Ruth Enis

Location: Technion Haifa
Arranged & Described by: Neta Feniger
Further information: Ruth Enis Finding Aid

Ruth Enis

 

Ruth Enis is a pioneering Israeli landscape architect, teacher and historian. Professor Ruth Enis was born in Cernauti, Romania in 1928. In 1937, she emigrated to British Mandate Palestine with her family. During a family visit to Europe in 1939, World War II broke out and young Enis was unable to leave the continent again, and was deported to a labour camp in the Ukraine. Only in 1943 did she return to Palestine, where in 1954 she was one of the first women to receive a B.Arch from the faculty of Architecture at the Technion – Israel Institute of Technology in Haifa. After an extended professional stay in The Hague between 1958-1965, where she acted as chief landscape architect of the city (1960-1964), she opened a private landscape architecture practice in Haifa with projects across Israel. In 1970, she began her academic career, teaching at the Technion, developing a curriculum for a landscape architecture program at this school, and heading this program for many years.

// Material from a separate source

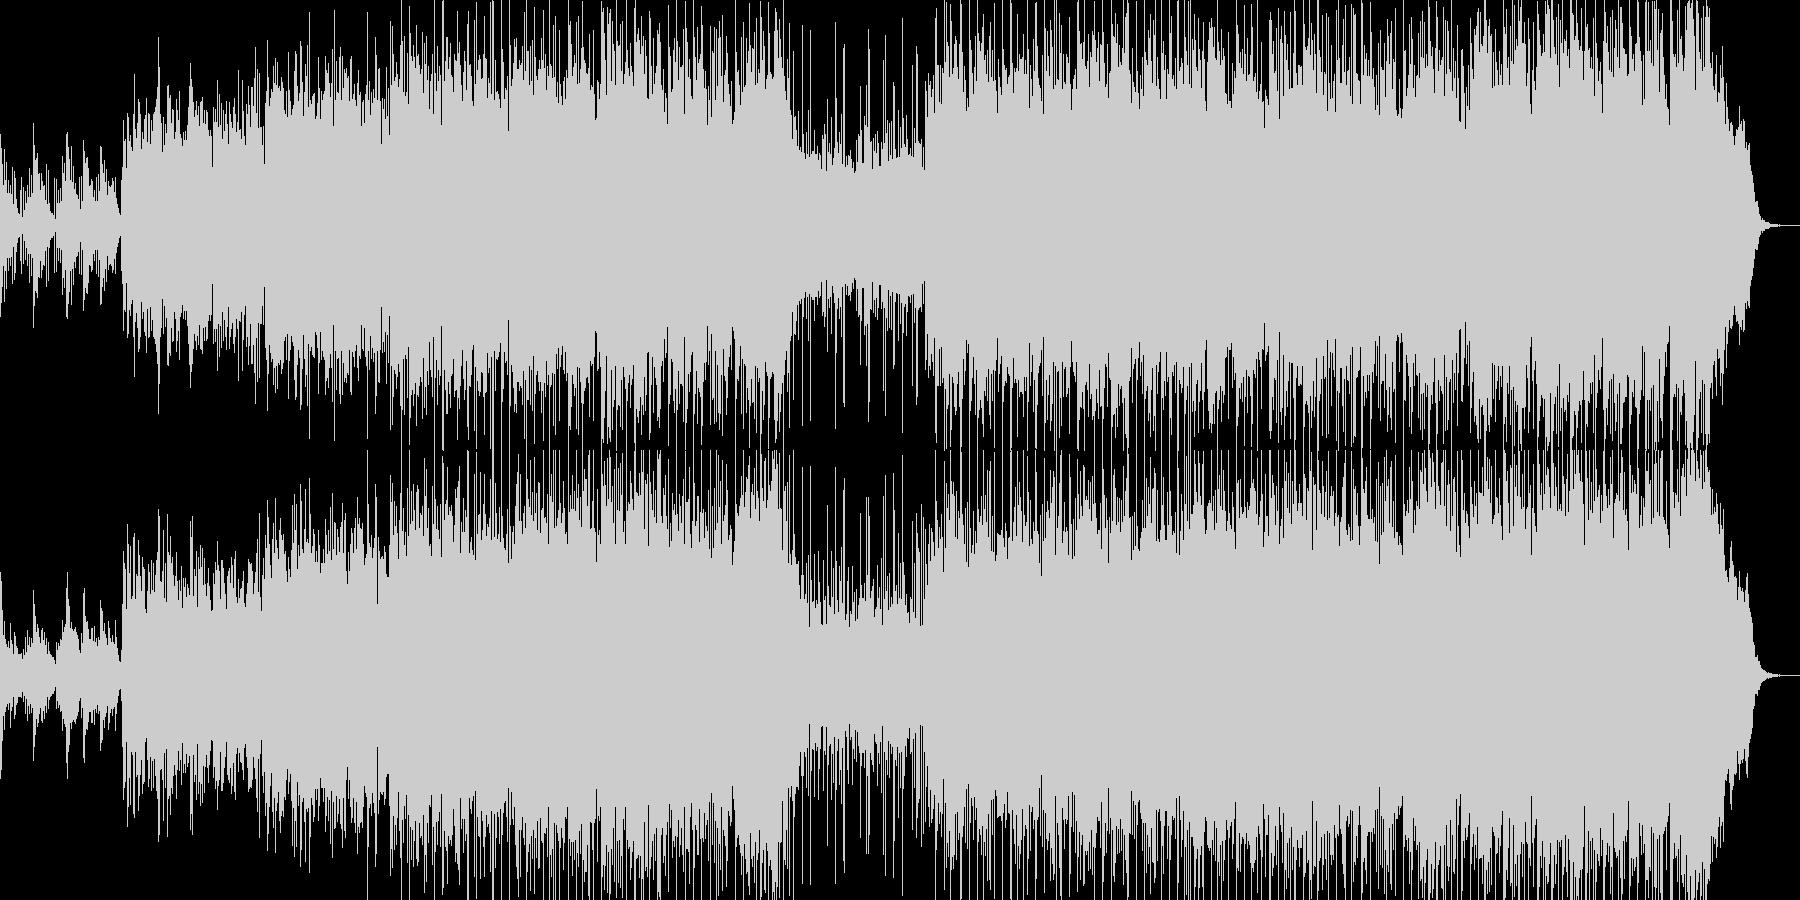 広がりのあるムード曲の未再生の波形

The materials in this collection reflect Enis’ work as a scholar, teacher, and as a practitioner of landscape architecture. It displays her work as a professor of landscape architecture in the Faculty of Architecture and Town Planning at the Technion, her devotion to research and teaching the history of landscape architecture in general and in Israel in particular. Her most important historical studies are on landscape in Kibbutzim, and on a large number of Israeli graduates from the Ahlem Agriculture and Horticulture School in Germany and their vital impact on the Zionist creation of designed landscapes. The collection also holds Enis’ professional work as a landscape designer, revealing her involvement in the creation of the Israeli landscape, especially her planning of school yards and Kibbutzim landscapes.